### WORK INSTRUCTIONS
Restate the data word for word. Leave the pictures out.

### DATA BLOCK
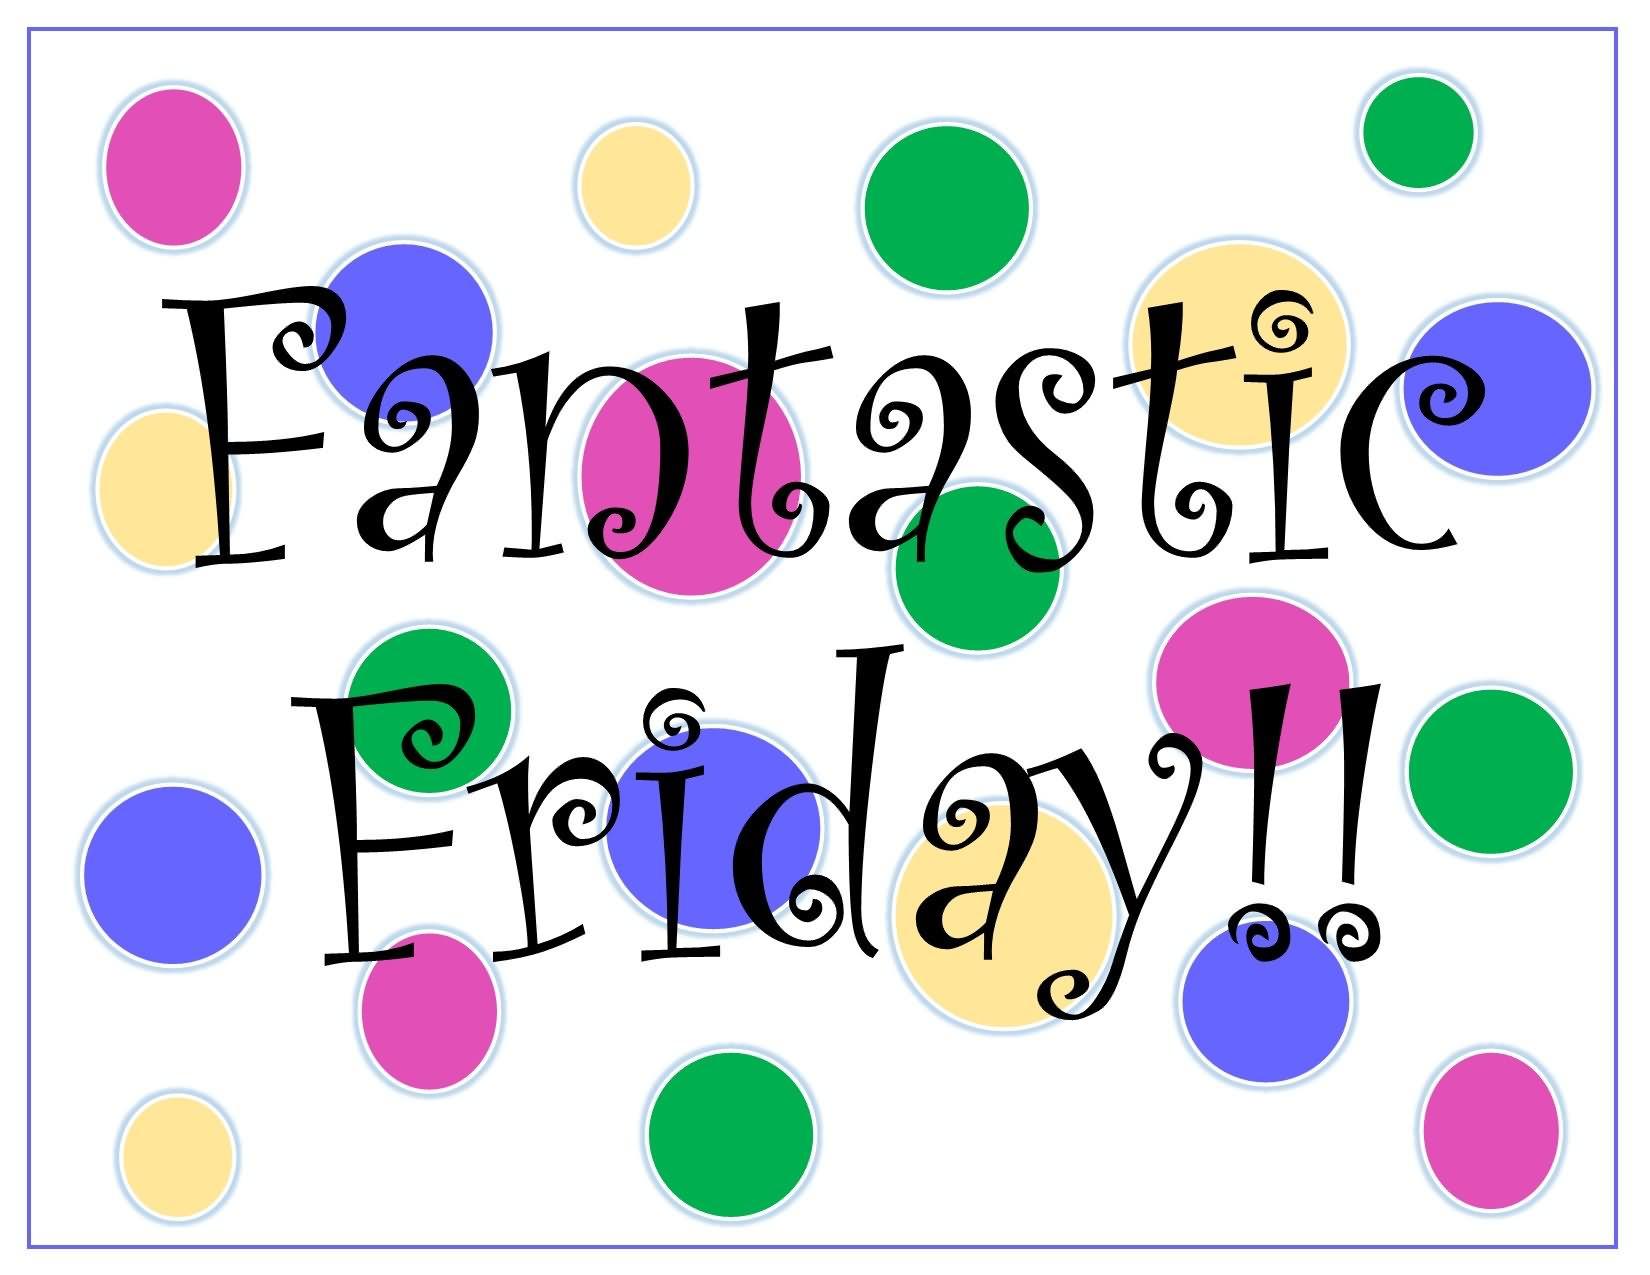 Fantastic Friday HD Wallpaper
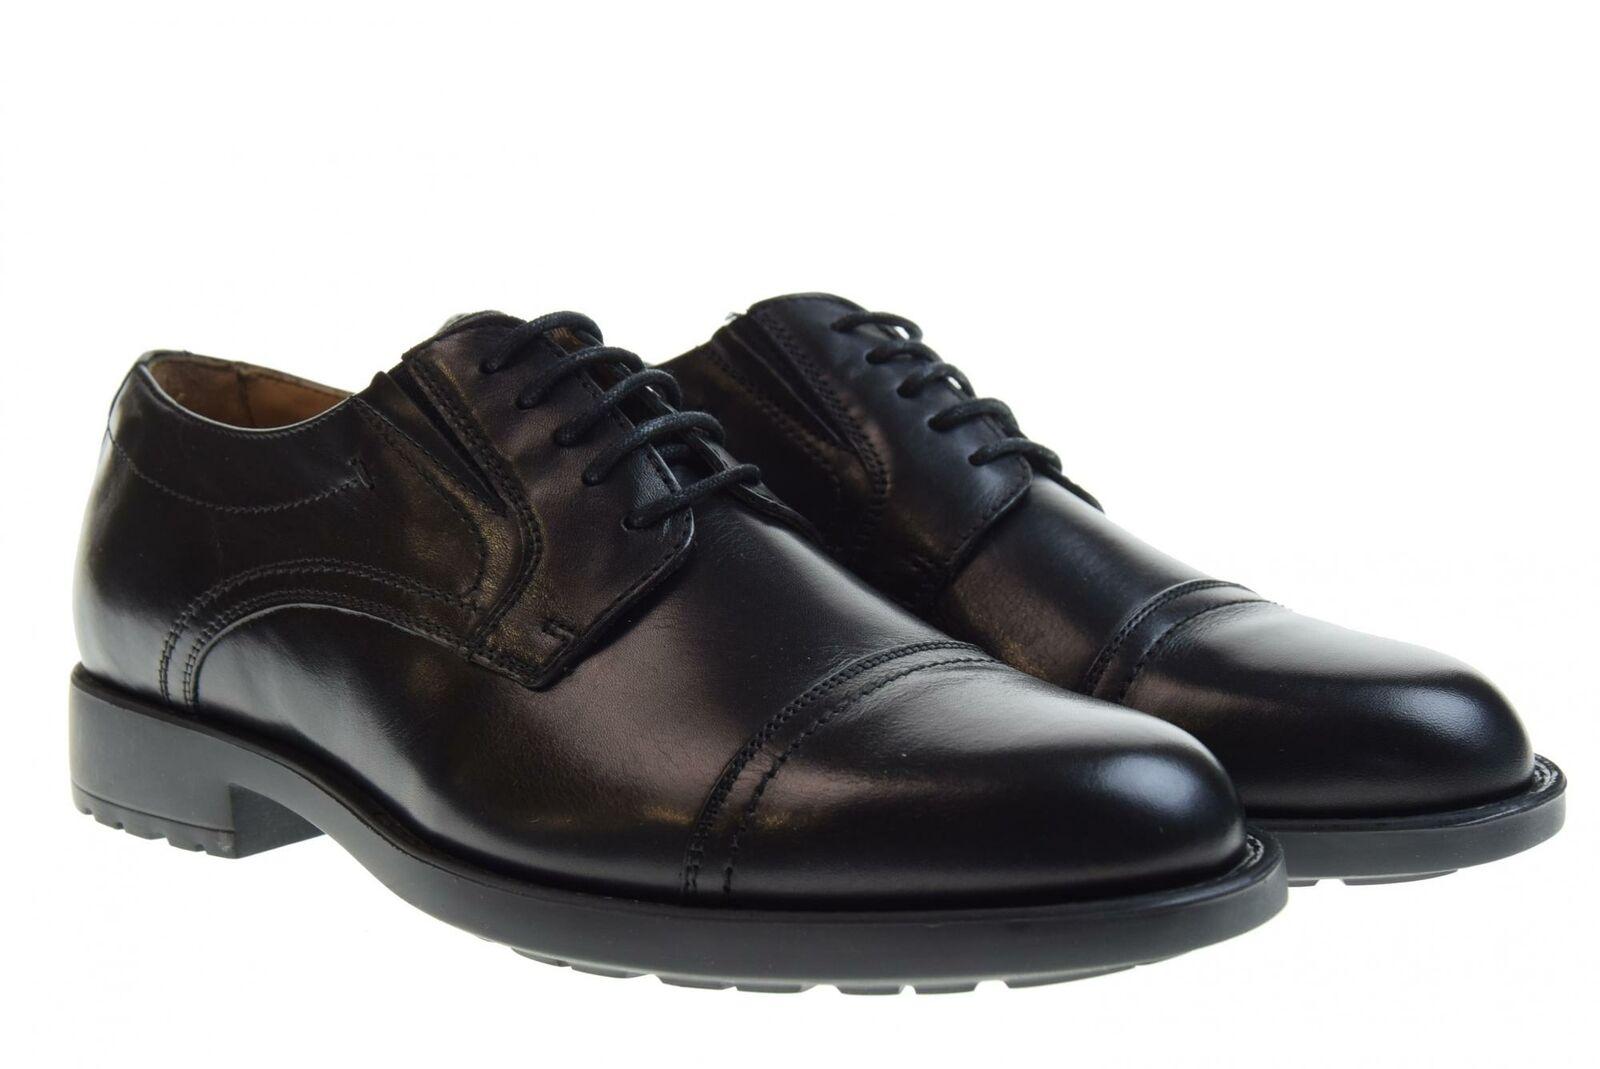 Vallegreen P19us classic men's shoes 49896 BLACK
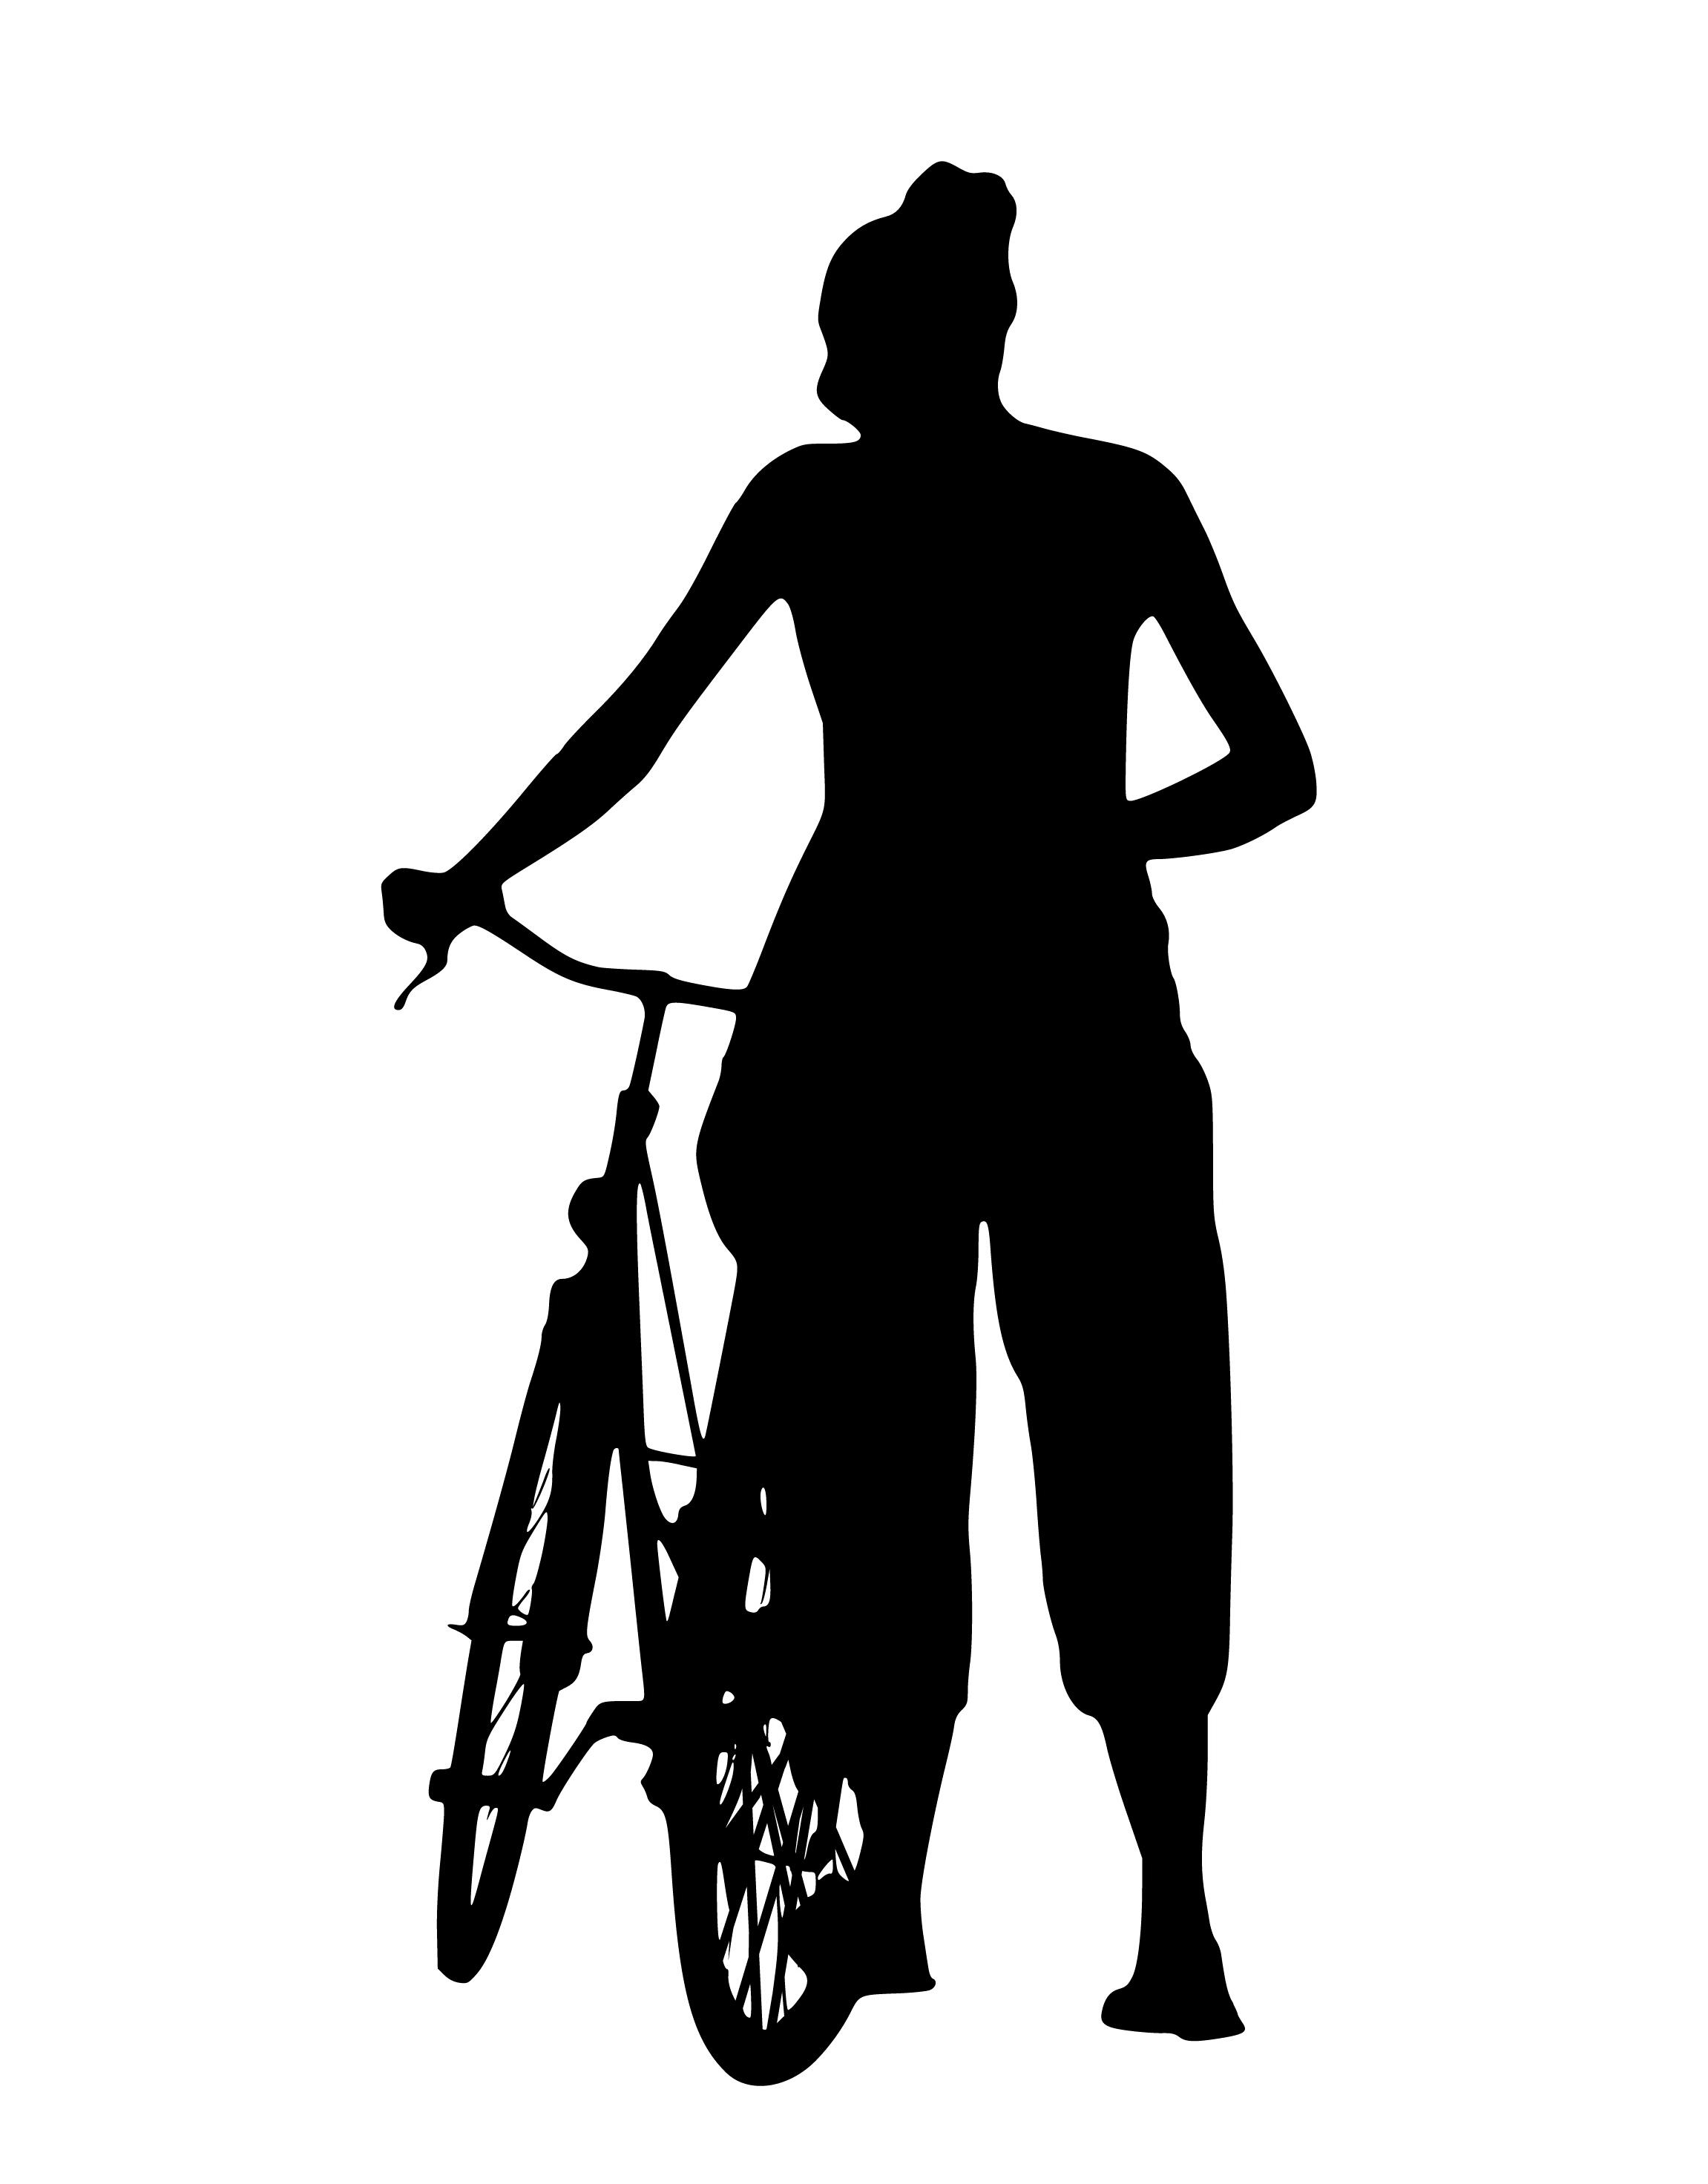 Fotos Gratis Silueta Niña Ciclismo Para Caminar Mujer Espalda

### TASK ANSWER
 Fantastic Friday HD Wallpaper
 Vallegreen P19us classic men's shoes 49896 BLACK
 Fotos Gratis Silueta Niña Ciclismo Para Caminar Mujer Espalda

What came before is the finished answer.